By Kaitlyn Conway

On March 28, 2017, the Senate passed SJR34, which effectively killed broadband privacy protections. The bill, which is brief, reads as follows:


Resolved by the Senate and House of Representatives of the United States of America in Congress assembled, That Congress disapproves the rule submitted by the Federal Communications Commission relating to “Protecting the Privacy of Customers of Broadband and Other Telecommunications Services” (81 Fed. Reg. 87274 (December 2, 2016)), and such rule shall have no force or effect.


This bill repeals an order signed into effect by former President Obama during the lame-duck period between Trump’s election and his inauguration on January 20th, 2017. Essentially, this bill allows internet service providers to sell their customer’s browsing history and personal information to advertisers without their consent, overruling the Obama proposal which would have effectively outlawed this practice. This comes after years of debate over the importance of “net neutrality.”

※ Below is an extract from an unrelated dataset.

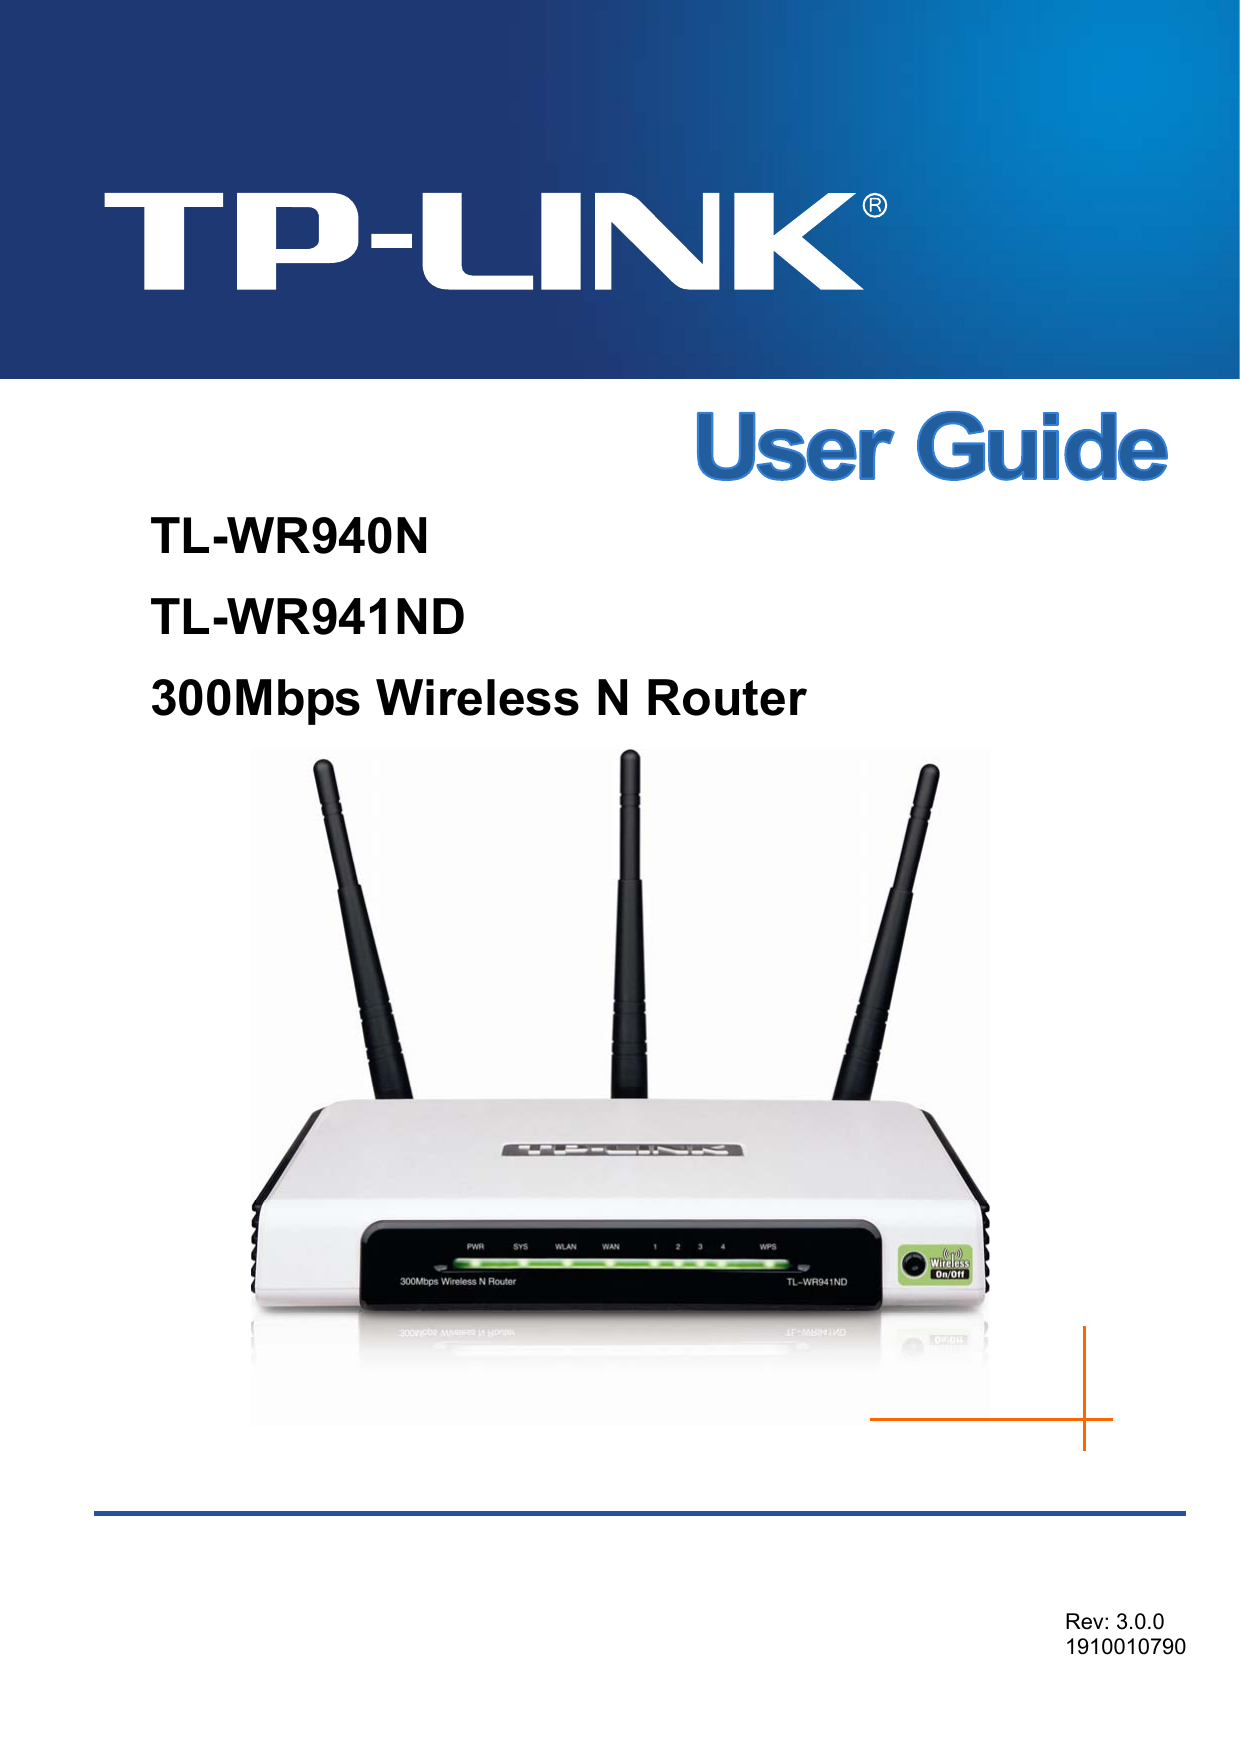   TL-WR940N TL-WR941ND 300Mbps Wireless N Router   Rev: 3.0.0 1910010790

In response to the passage of this bill, several fundraising campaigns have emerged with one goal in common: to purchase the browser histories of the congressmen who voted for the resolution, and to release it to the public. These campaigns are headed by well-known public figures such as net-neutrality advocate Adam McElhaney, who has as of now raised $161,000, and Supernatural actress Misha Collins who has raised $64,000. Cards Against Humanity creator Max Temkin has stated that he would be willing to personally purchase Congress’ internet history without donations if it were possible, but in the meantime, he’s currently encouraging people to donate to Electronic Frontier Foundation.

People who donate to these campaigns seem to be driven by this fear that their privacy will be used against them by criminals who happen to have the capital to wreck havoc on people’s lives. Here’s the reality: you can’t buy Congress’ data. In fact, you can’t “buy” anyone’s data. And what the actual “data” is has been misconstrued. When internet service providers (“ISPs”) collect your data for themselves and themselves only. The specifics of the data do not get released. Instead, what they sell to companies is called “targeting.”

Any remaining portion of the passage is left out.